Tuesday, September 02, 2003

Manu Chao's Concerts Cancelled

When Spain is exposed in all of its intolerance, it usually reacts like this:
A muzzled musician

The organisers have cancelled the concerts Manu Chao and Fermin Muguruza were due to put on in Malaga and Murcia in the wake of declarations made by the Association of Victims of Terrorism


Ainara Gorostitzu – DONOSTIA (San Sebastian)

The organisers have cancelled the concerts Manu Chao and Fermin Muguruza were scheduled to give as part of the Jai Alai Katumbi Express tour today in Malaga and the day after tomorrow in Murcia, after declarations by the Association of Victims of Terrorism (AVT) that the Basque musician had “rather radical ideas on the independence of the Basque Country”, and a request that permission not be given for any civic centre to be used. The people responsible for the Malaga and Murcia concerts have done their utmost to persuade Chao to perform without Muguruza, but the musician had said from the very start that he would not agree to anything of the kind. Metak, the company that recorded Muguruza’s latest work, has criticised the attempt to make Chao perform without Muguruza, describing it as “despicable, because the two work in cooperation with each other.”

Basque music bands have previously experienced difficulties in some areas of Spain for political reasons; the Soziedad Alkoholika and Su ta Gar bands, for example, have been on the receiving end of violations on the right to freedom of expression.

The venue for today’s concert was due to be the Municipal Sports Centre of Malaga, which bears the name of the former Popular Party city councillor Jose Maria Martin Carpena (killed by ETA [the armed pro-Basque independence organisation] in the summer of 2000).

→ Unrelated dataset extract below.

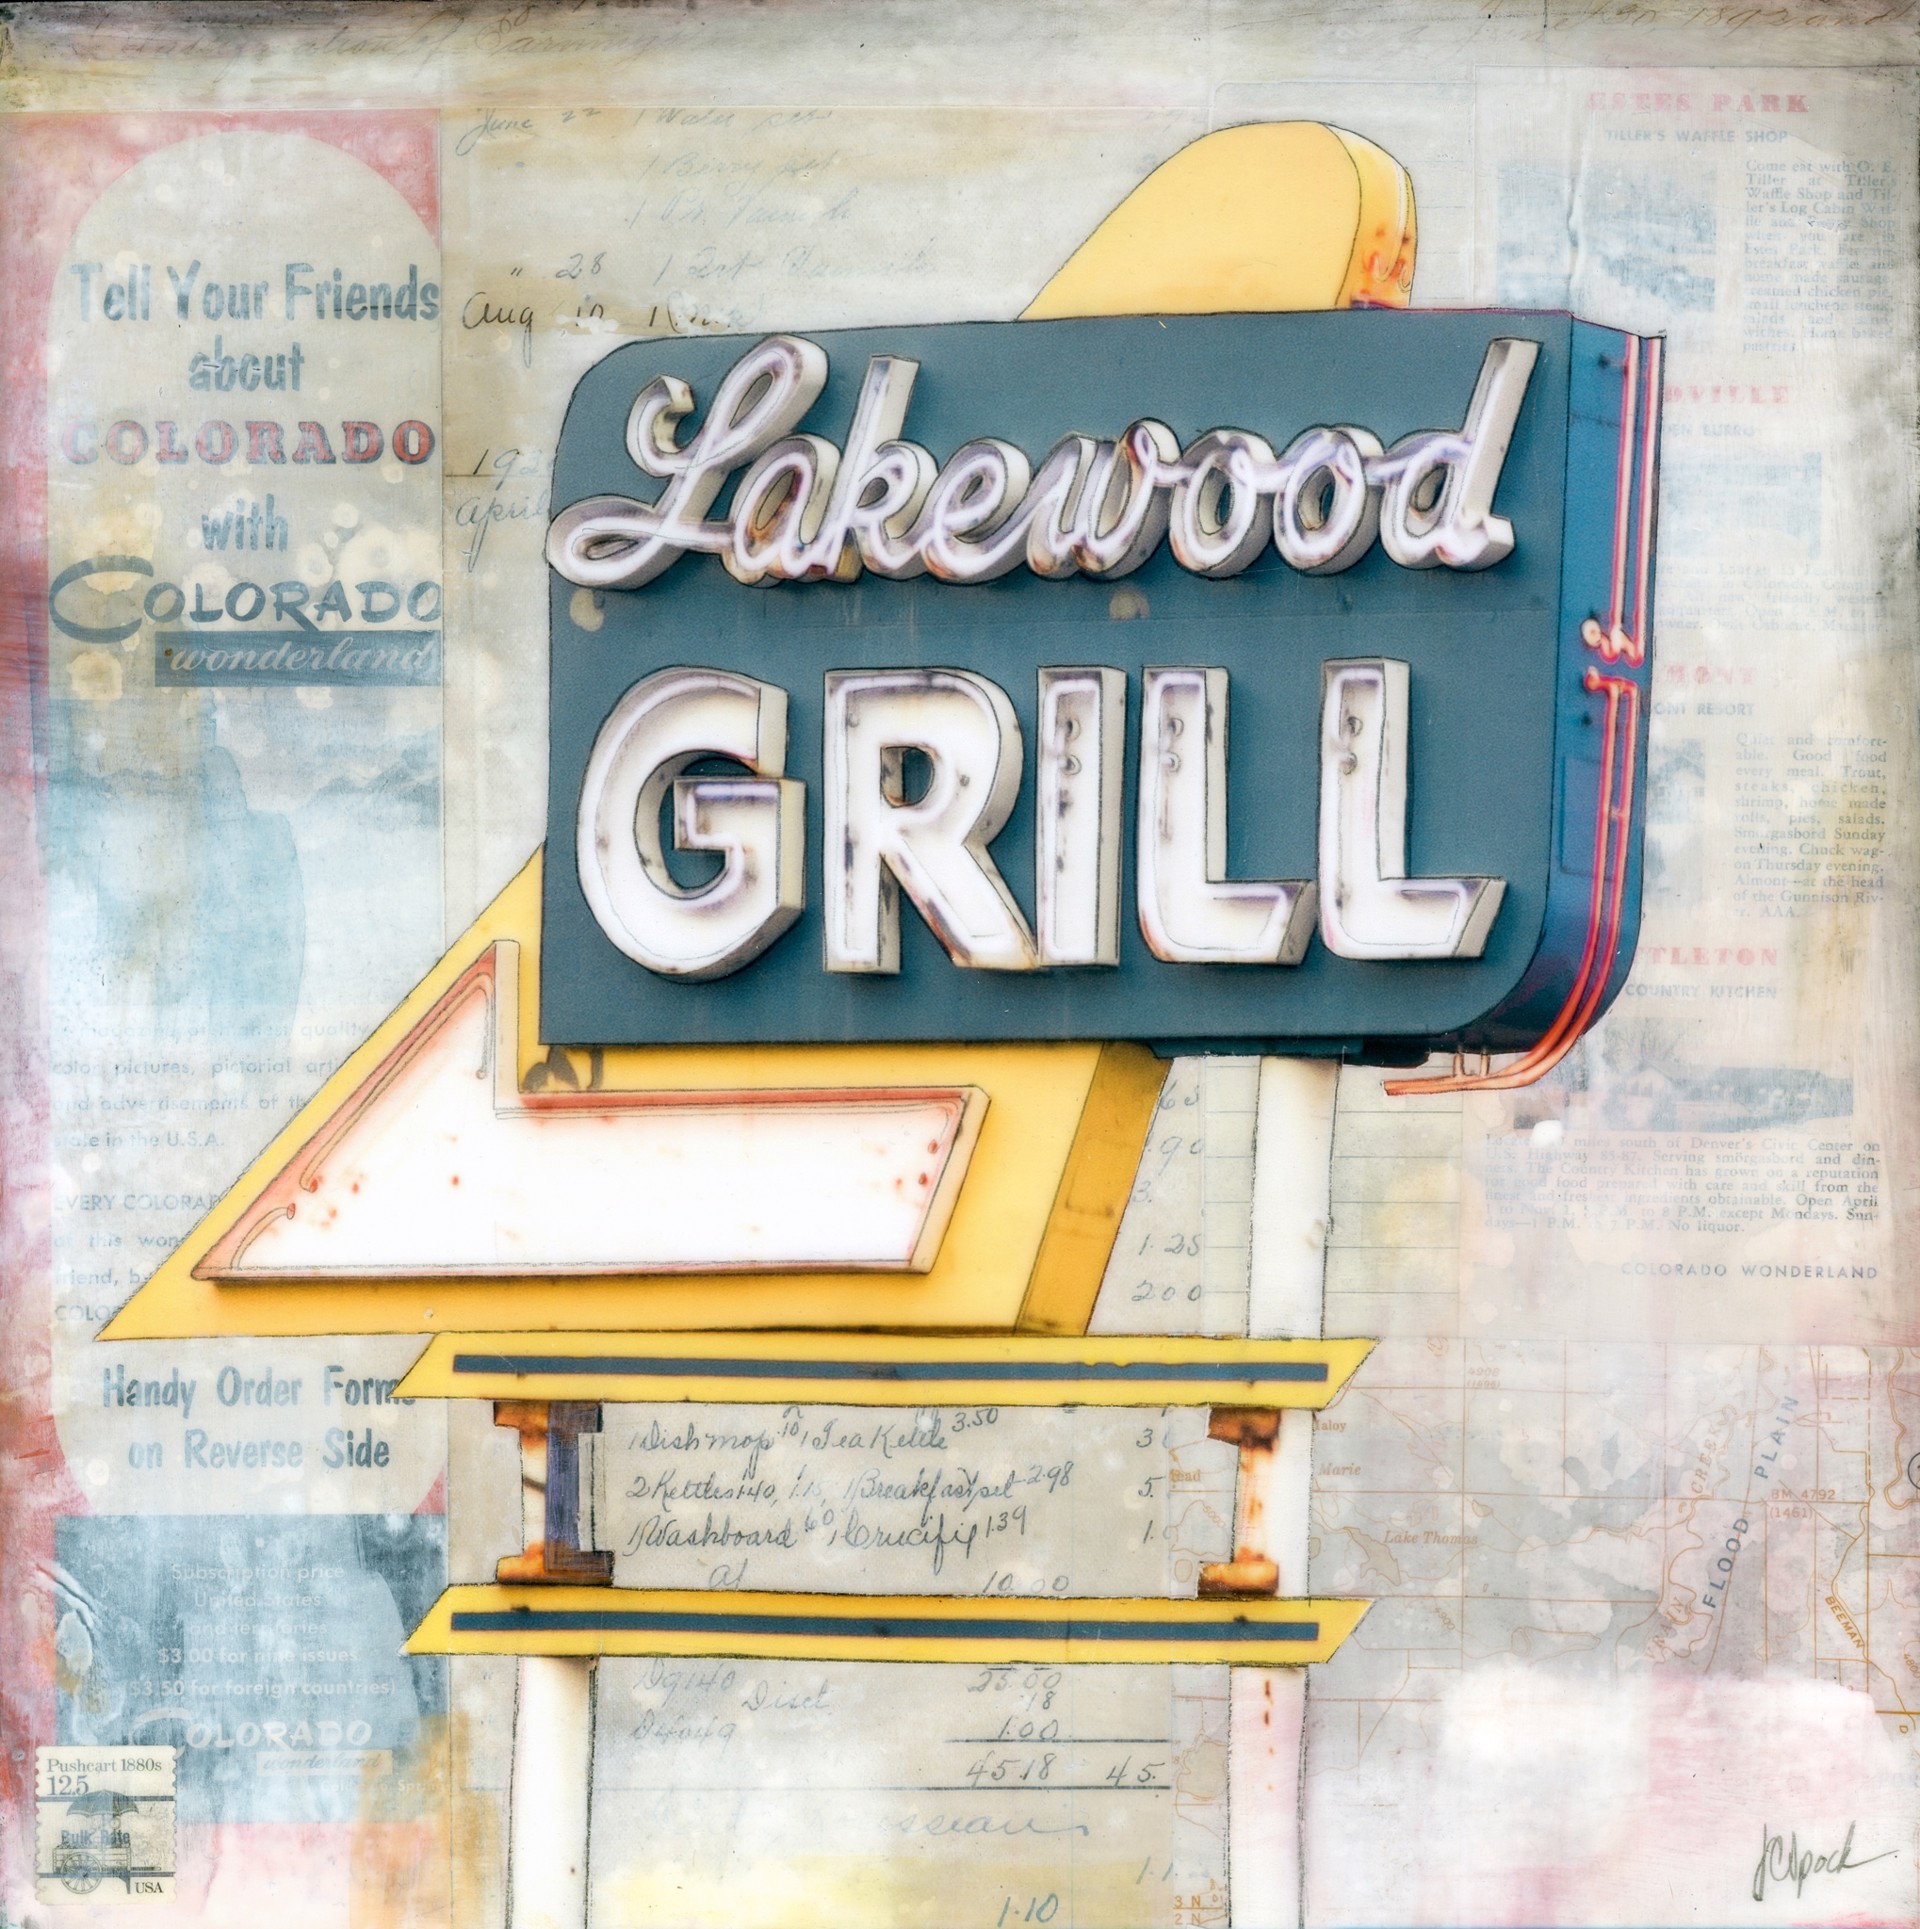 Lakewood Grill by JC Spock

Daniel Portero, the spokesperson for the AVT, declared last weekend that if Muguruza performed right there, it would “destroy the dignity of one of the victims of terrorism,” and the two concerts have been cancelled as a result of these declarations.

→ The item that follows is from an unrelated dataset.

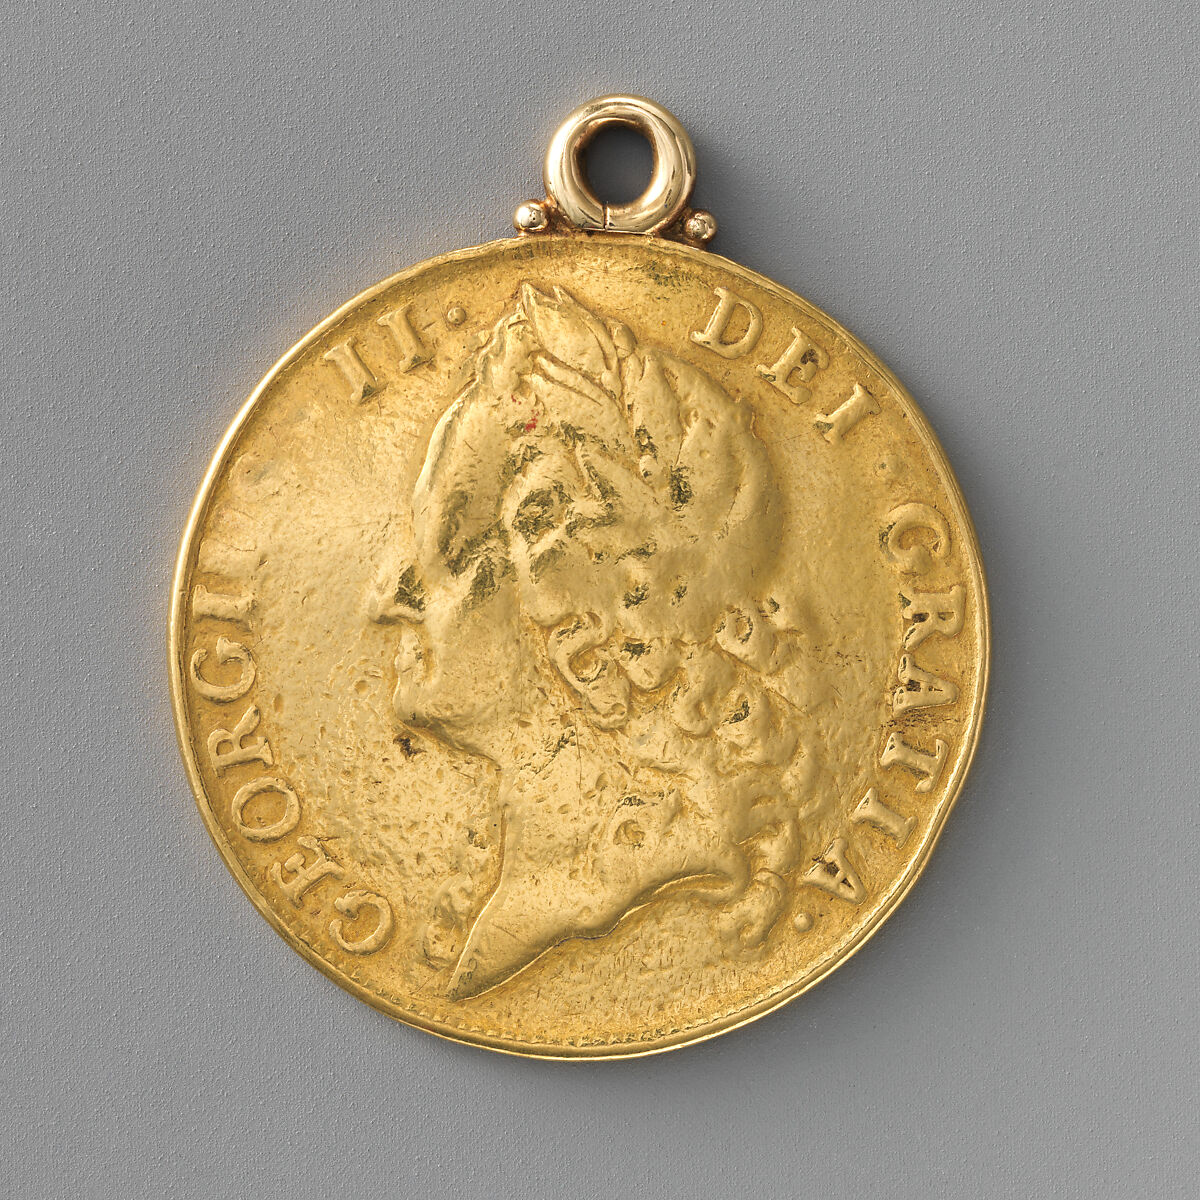 Two guinea piece of George II, 1740, Gold, British

Malaga City Council recommended to the organisers that the concert should be held “at a more appropriate venue”; nevertheless, they had decided to call it off “to avoid trouble,” according to the coordinator Alfredo Guerisoli. And in Murcia, as soon as Antonio Gonzalez Barnes, municipal councillor responsible for the city’s fiestas, had heard the AVT declarations about Muguruza, he said that under no circumstances would he agree to a “known militant of Batasuna [the outlawed, left-wing Basque nationalist party]” performing at a venue belonging to the city council.